On the international front, WWEMA was enthusiastic with congressional passage of free trade agreements with Korea, Columbia and Panama — another effort years in the making. Once implemented by the respective countries, U.S. producers of water and wastewater products will have a competitive edge through the reduction of export tariffs. In Columbia alone, tariffs for environmental goods range from 9% to 20%. Tariffs on 56% of U.S. water and wastewater equipment exports will be immediately eliminated with an additional 4% over five years and the balance over 10 years.

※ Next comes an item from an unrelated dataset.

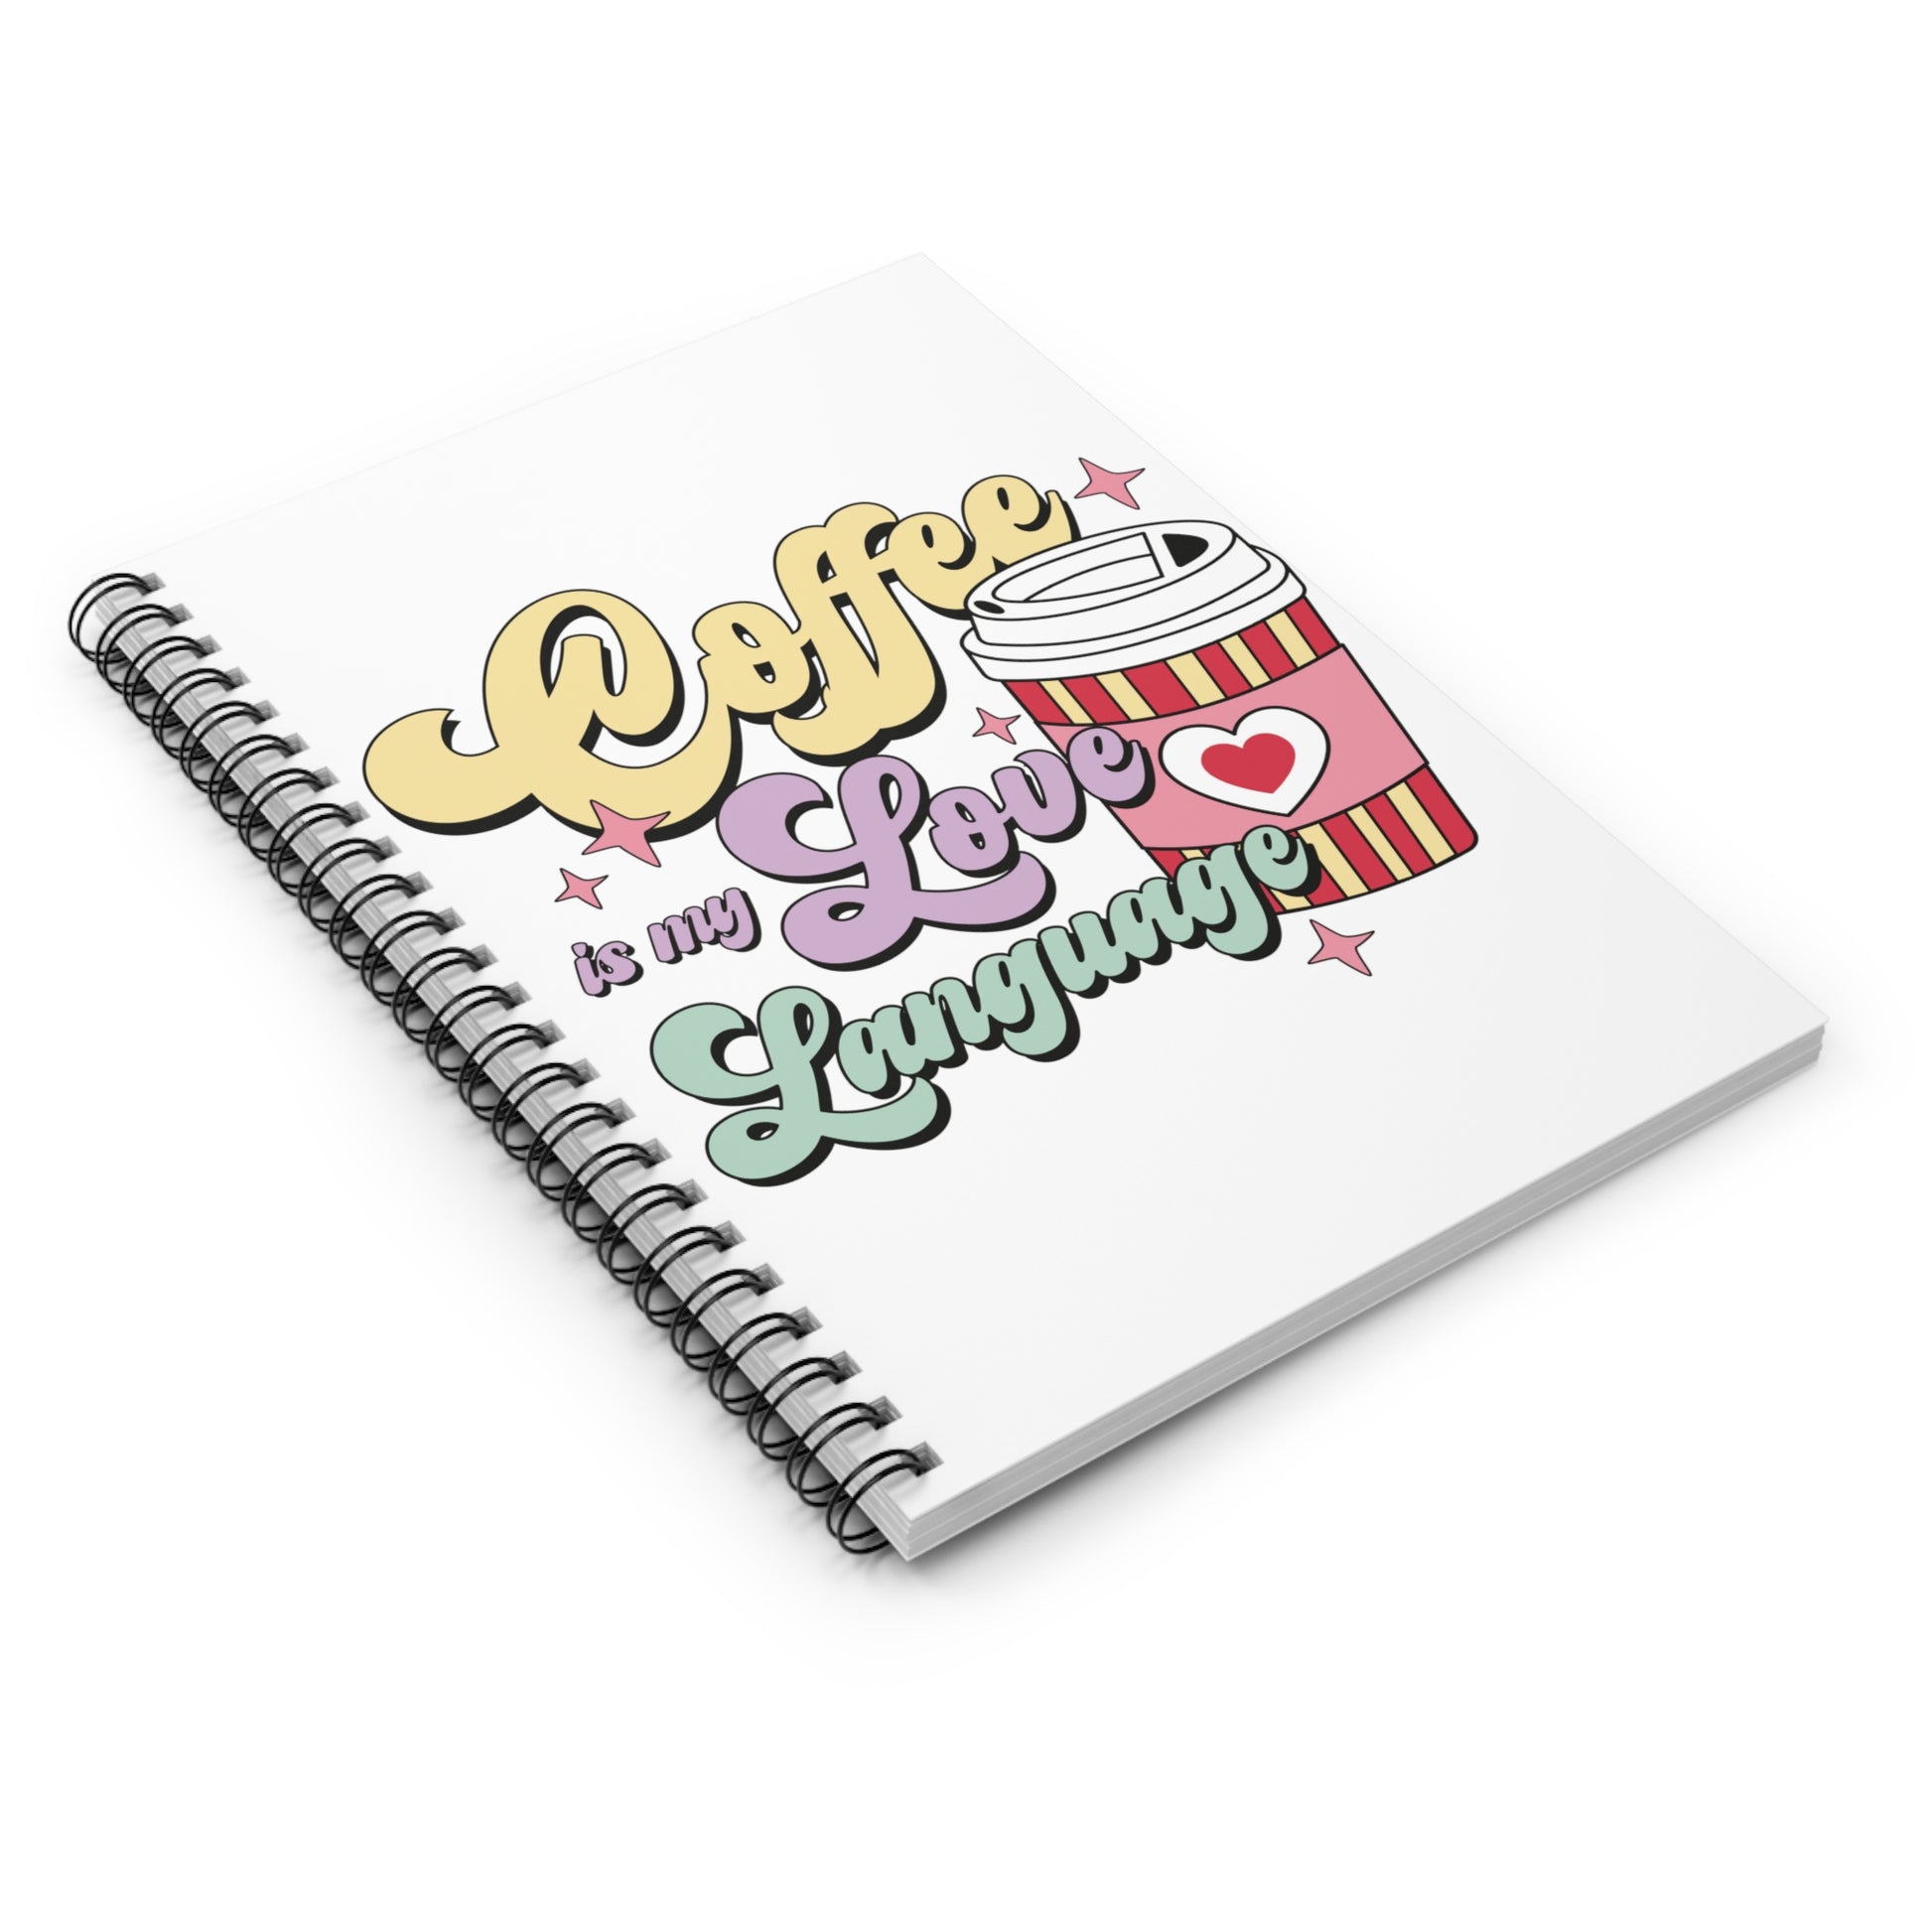 Coffee Love Language: Spiral Notebook - Log Books - Journals - Diaries - and More Custom Printed by TheGlassyLass
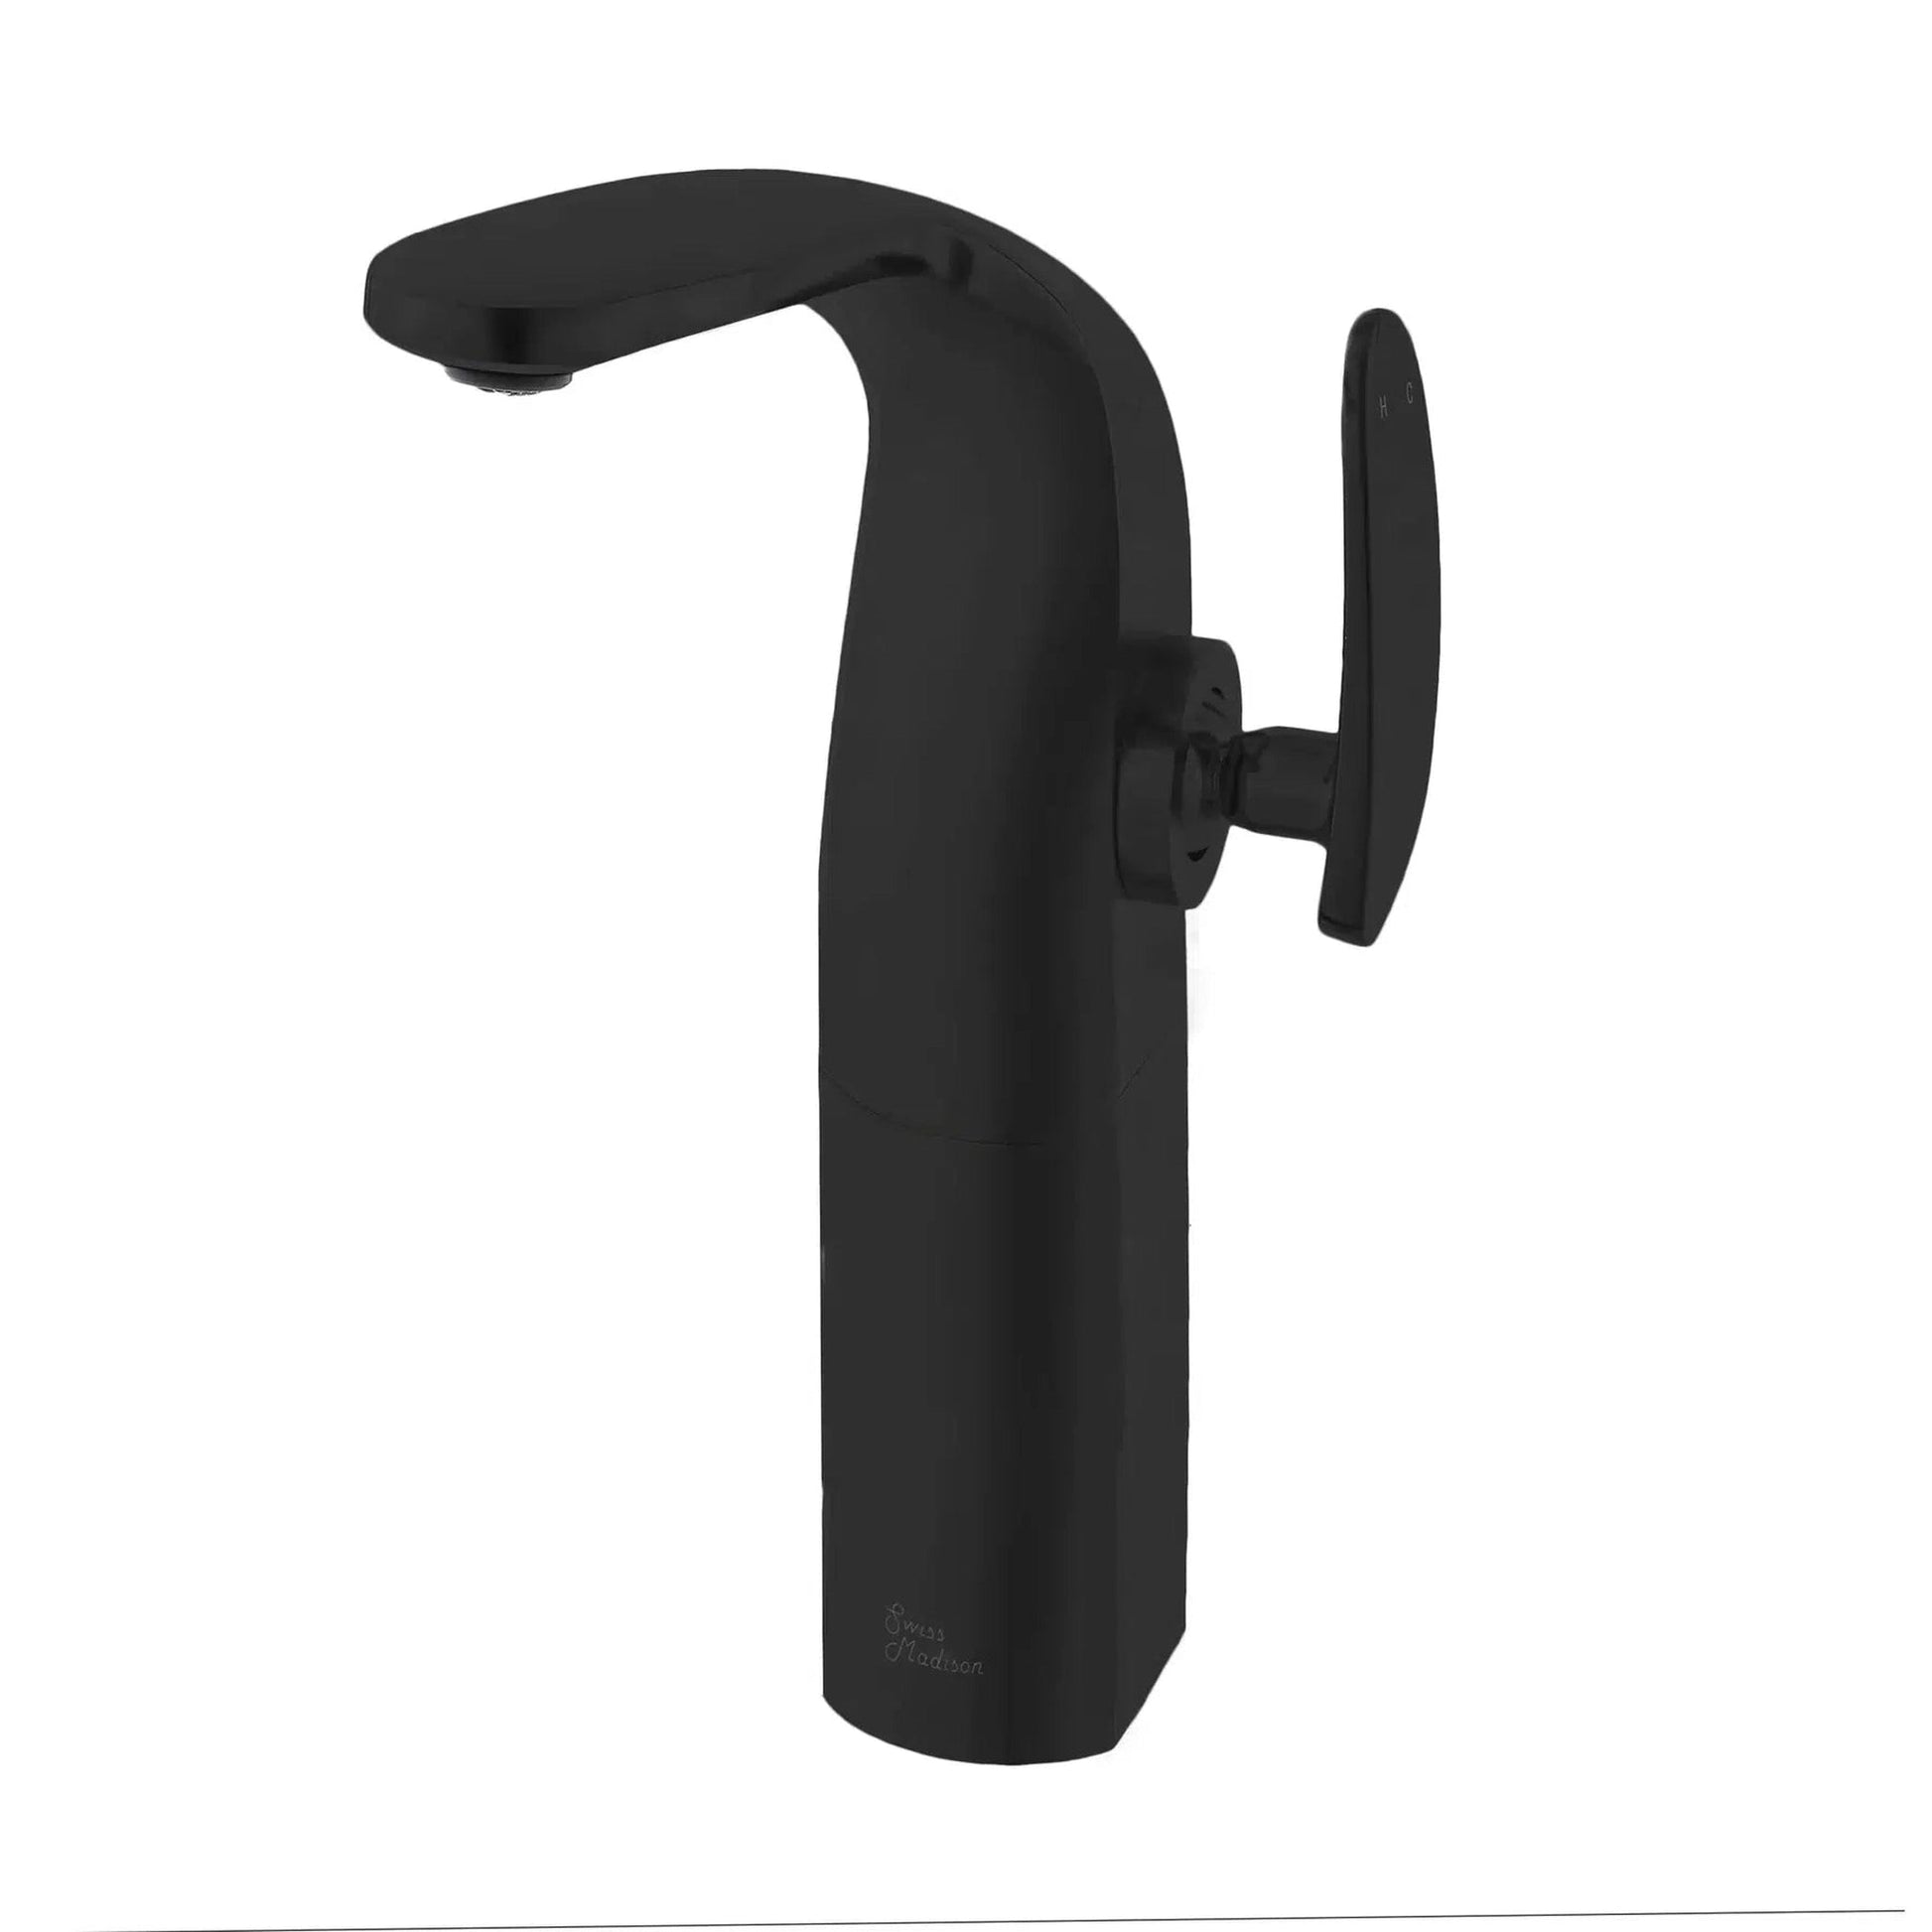 Swiss Madison Château 12" Matte Black Single Hole Bathroom Faucet With Flow Rate of 1.2 GPM

Similar reductions will occur in Korea and Panama.

Potential gains made by Congress to find new sources of funding of water and wastewater infrastructure and open up markets for U.S. water and wastewater equipment suppliers could be severely undermined by attempts to enact protectionist trade measures, such as Buy American, under the guise of job creation. While the sentiment may be valid, the reality is destructive.

U.S. manufacturers that depend on international supply chains to offer the highest-quality, cost-effective technologies are unable to compete at home, or must raise costs to find alternative suppliers. Municipalities have fewer, more costly choices, reducing the return on their limited capital investment dollars. U.S. companies further face the real risk of being locked out of foreign markets that implement their own domestic content rules in retaliation. Unfortunately, many in Congress still don't understand that international trade agreements do not cover municipal procurement, where most of our business is conducted, thus we do not enjoy the privileges afforded others engaged in federal procurement who can continue to do business with global trade partners and be assured that foreign markets will remain open.

May 2012 bring us enlightenment, encouragement, and endurance for what no doubt will be an entangled process as we move closer to the November elections!